**TASK OBJECTIVE:** What should come back is the data below, word for word, minus any picture.

**STORED DATA:**
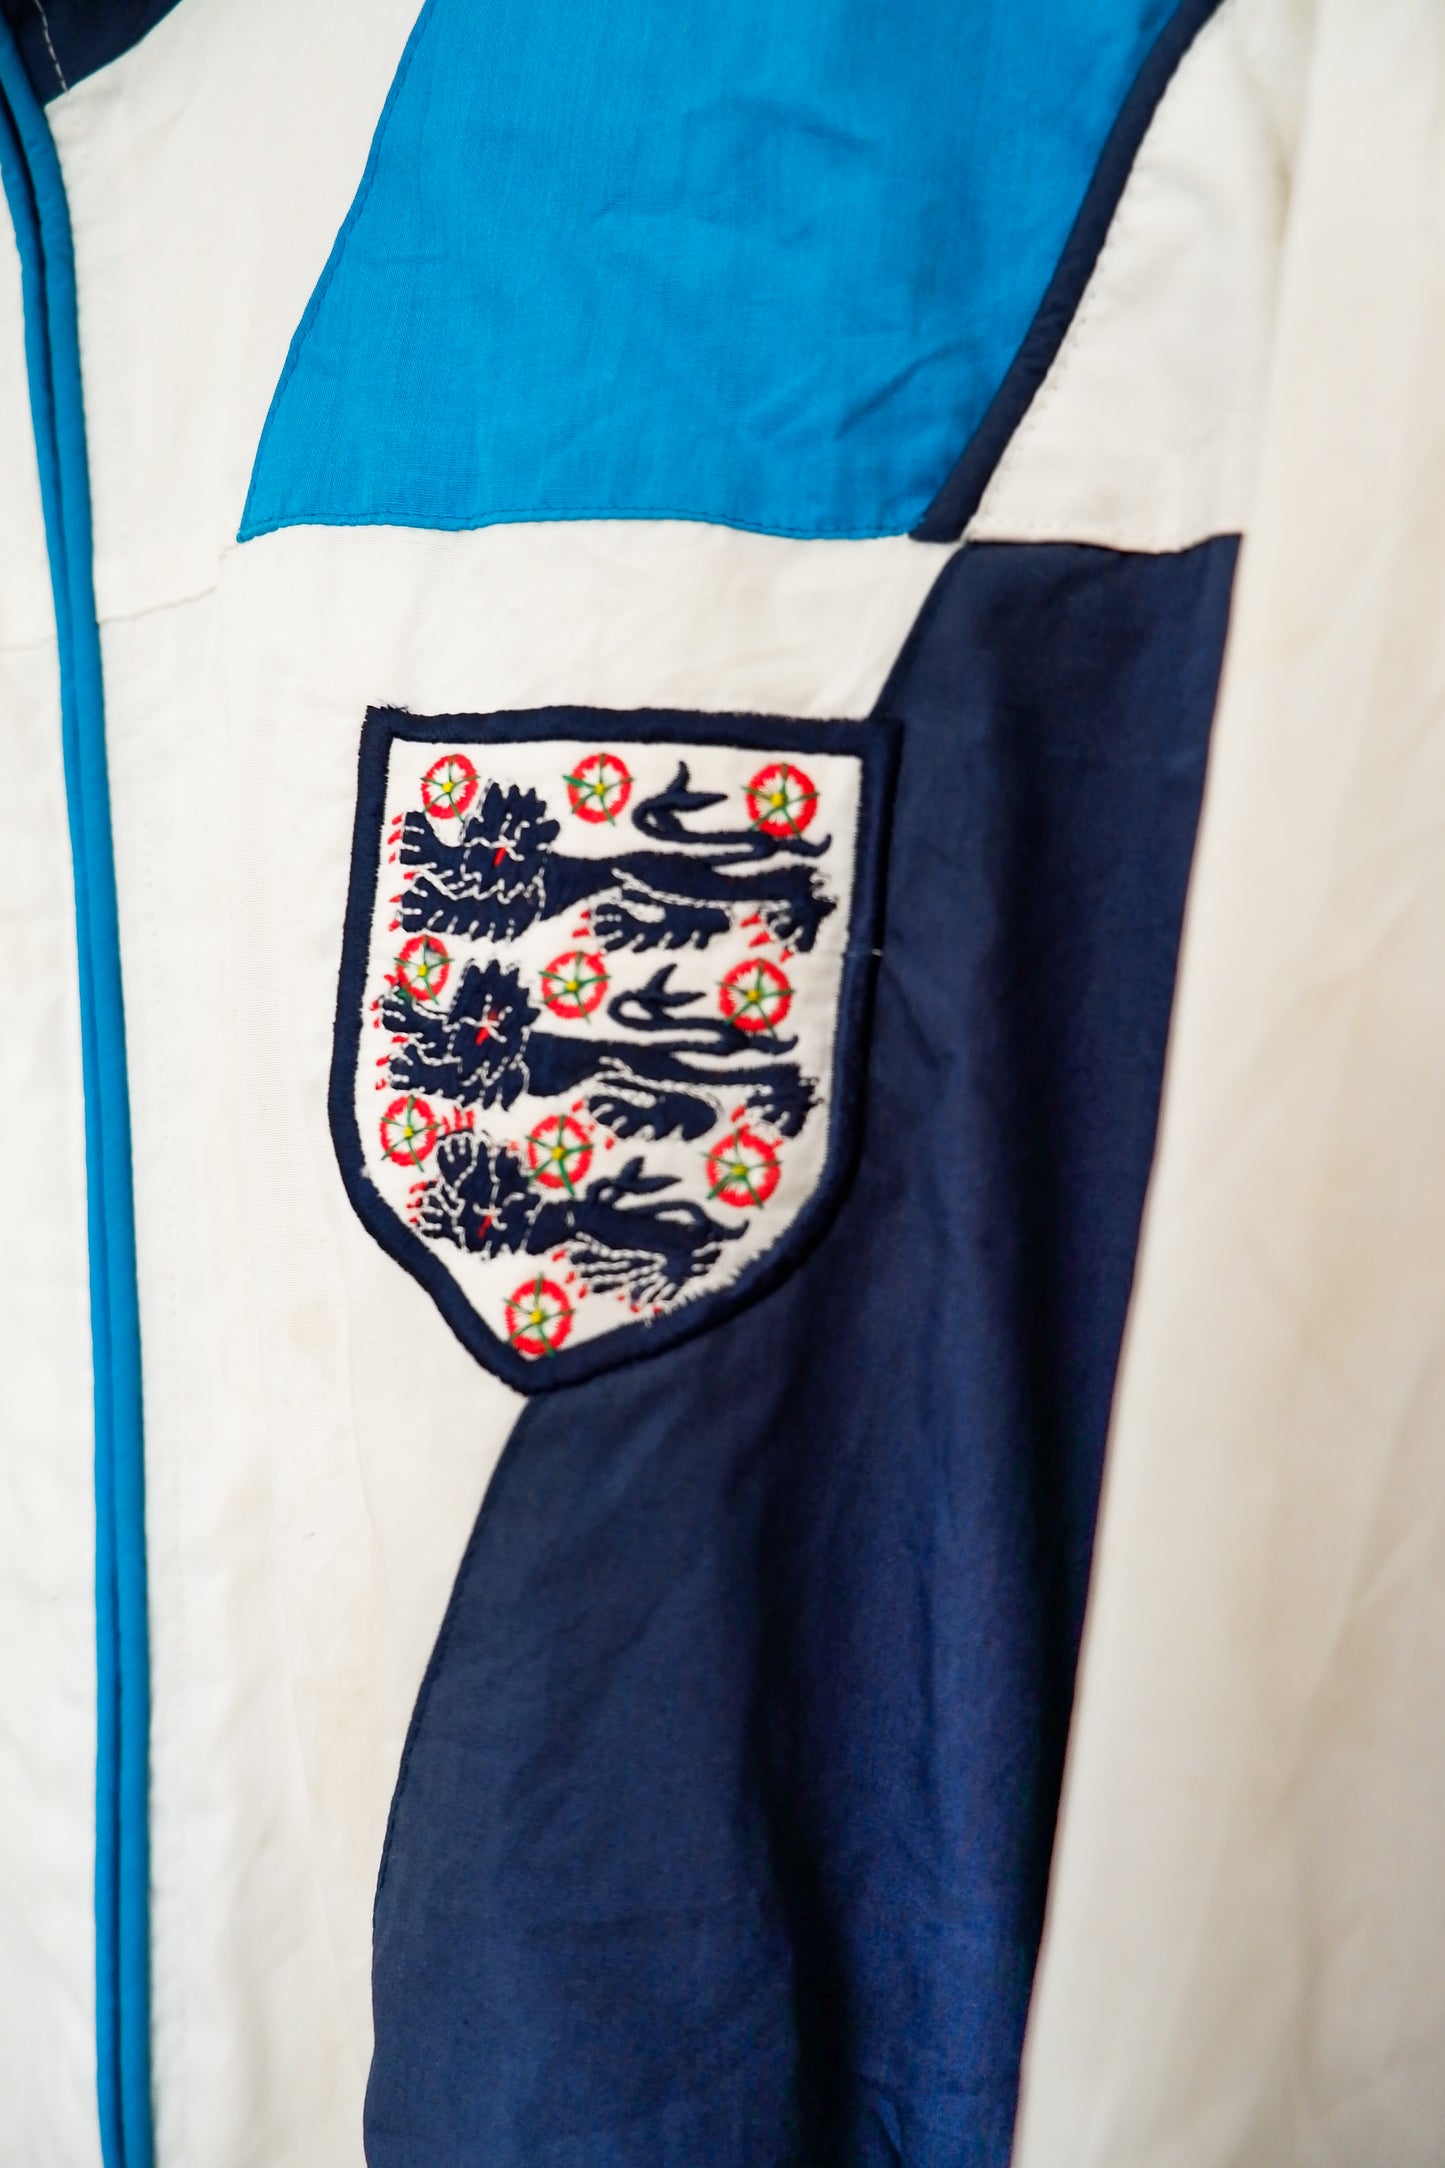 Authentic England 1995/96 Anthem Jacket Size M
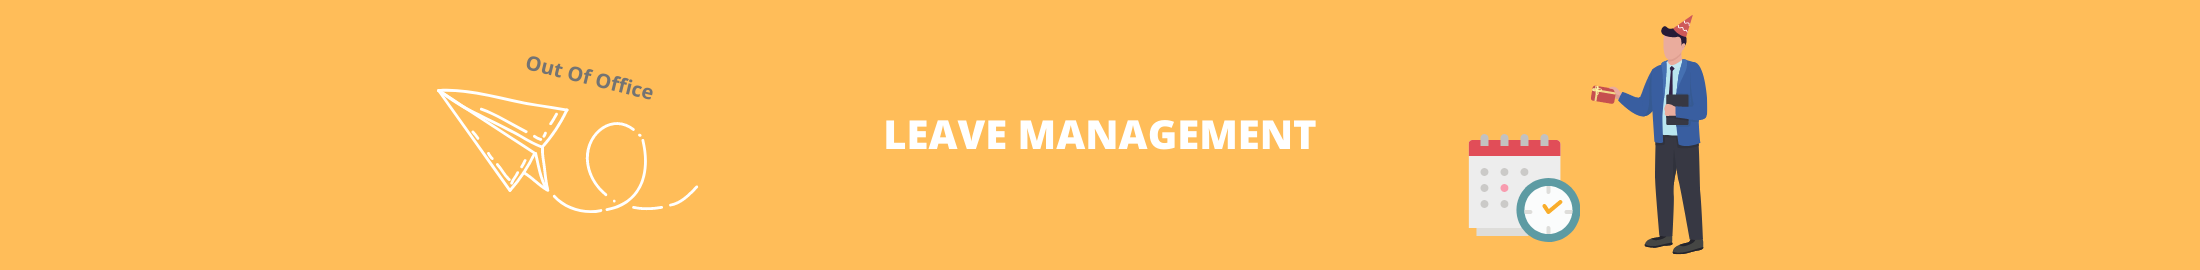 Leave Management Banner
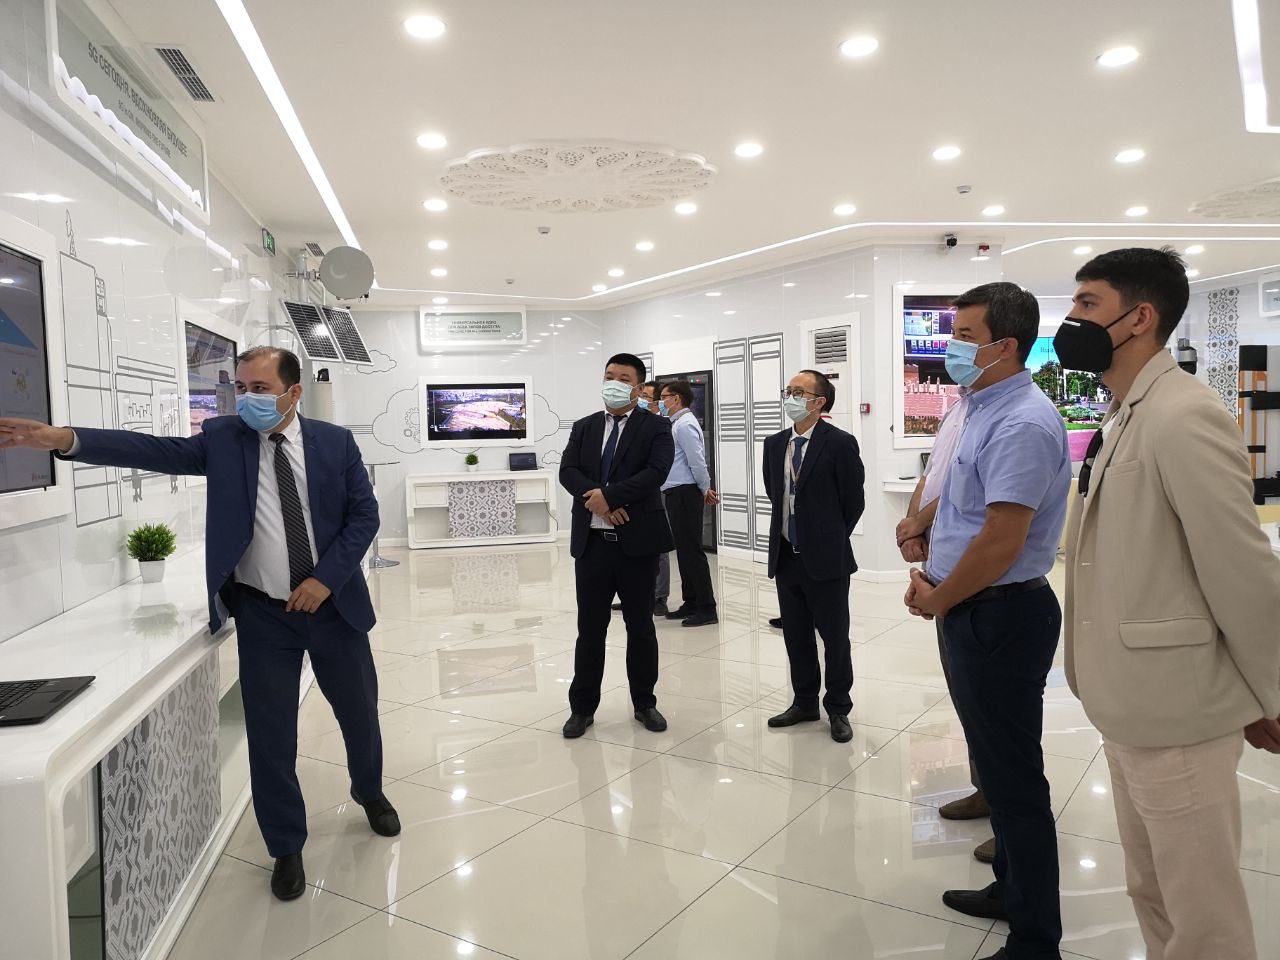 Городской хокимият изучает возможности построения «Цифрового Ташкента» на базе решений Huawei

**RESPONSE TO THE EXERCISE:**
 Authentic England 1995/96 Anthem Jacket Size M
 Leave Management Banner
 Городской хокимият изучает возможности построения «Цифрового Ташкента» на базе решений Huawei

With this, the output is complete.